Can you even call the driver - after the ride has been completed?


----------



## Trafficat (Dec 19, 2016)

She will probably face criminal charges for credit card fraud or theft.


----------



## UberBastid (Oct 1, 2016)

Trafficat said:


> She will probably face criminal charges for credit card fraud or theft.


Depends.
Where I live? The DA is doing all he can to prosecute murderers, robbers and molesters.
This would not even get close to a charge ... prolly even not an arrest.


----------



## Florida XL (Feb 26, 2019)

Your not supposed to do that? I thought thats how you got the return fee.


----------



## IGotDrive (Oct 8, 2018)

mbd said:


> Why only 5$$


She'd have been better off getting the return fee.


----------



## Uber's Guber (Oct 22, 2017)

I wanna know what she wrote for her good review? _"Honest, caring, enjoys candlelight dinners and long walks on the beach." _


----------



## Fuzzyelvis (Dec 7, 2014)

BurgerTiime said:


> https://www.ajc.com/news/national/l...ne-police-say/jLG1vi8OKdhrklXmxL4p4M/amp.html
> A Lyft driver in Michigan is in trouble after allegedly giving herself a tip and a good review on a phone a customer left in her car.
> 
> The customer said she called the driver about a half hour after realizing she forgot her phone March 5 and that the driver promised to drop it off at her Wyandotte home, according to WXYZ-TV.
> ...


If you're gonna do that, don't find the phone. Drop it out the door with the next pax.
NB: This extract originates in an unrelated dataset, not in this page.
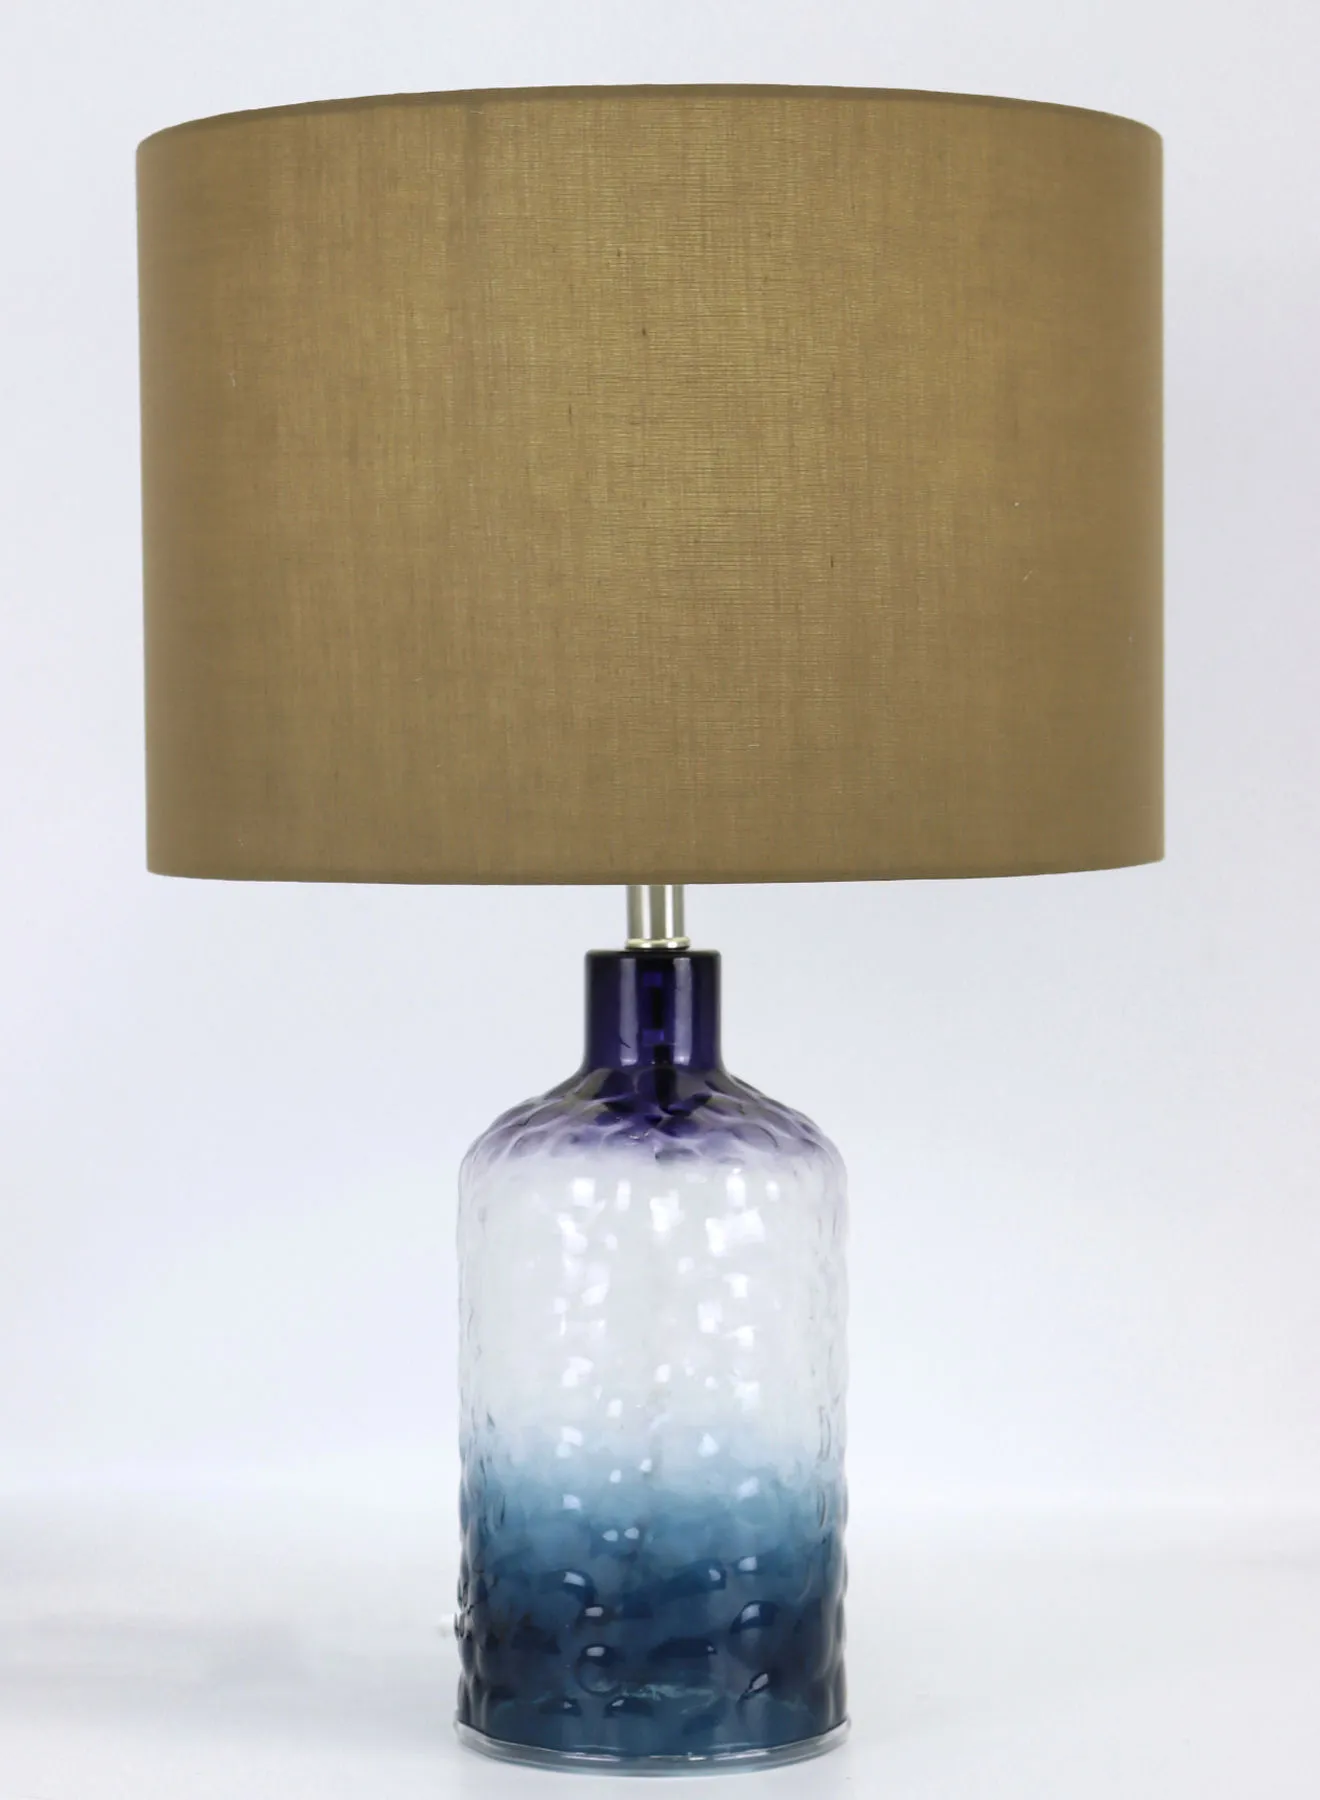 مصباح طاولة زجاجي بتصميم عصري من المد والجزر ، مادة فاخرة فريدة من نوعها ذات جودة عالية لمنزل أنيق مثالي RSN71029 أزرق 13 × 20.2

Deniability is key.

Personally I don't know whose phone might be taking a pic, so not gonna do this anyway.

Whether the pax gets it back depends on a few factors though...


----------



## badratings (Dec 24, 2018)

2Cents said:


> View attachment 304197


Equalizer starring Denzel Washington had the lyft tie in


----------



## BigRedDriver (Nov 28, 2018)

The phone was not password protected? Who even does that?


----------



## njn (Jan 23, 2016)

Wire fraud?


----------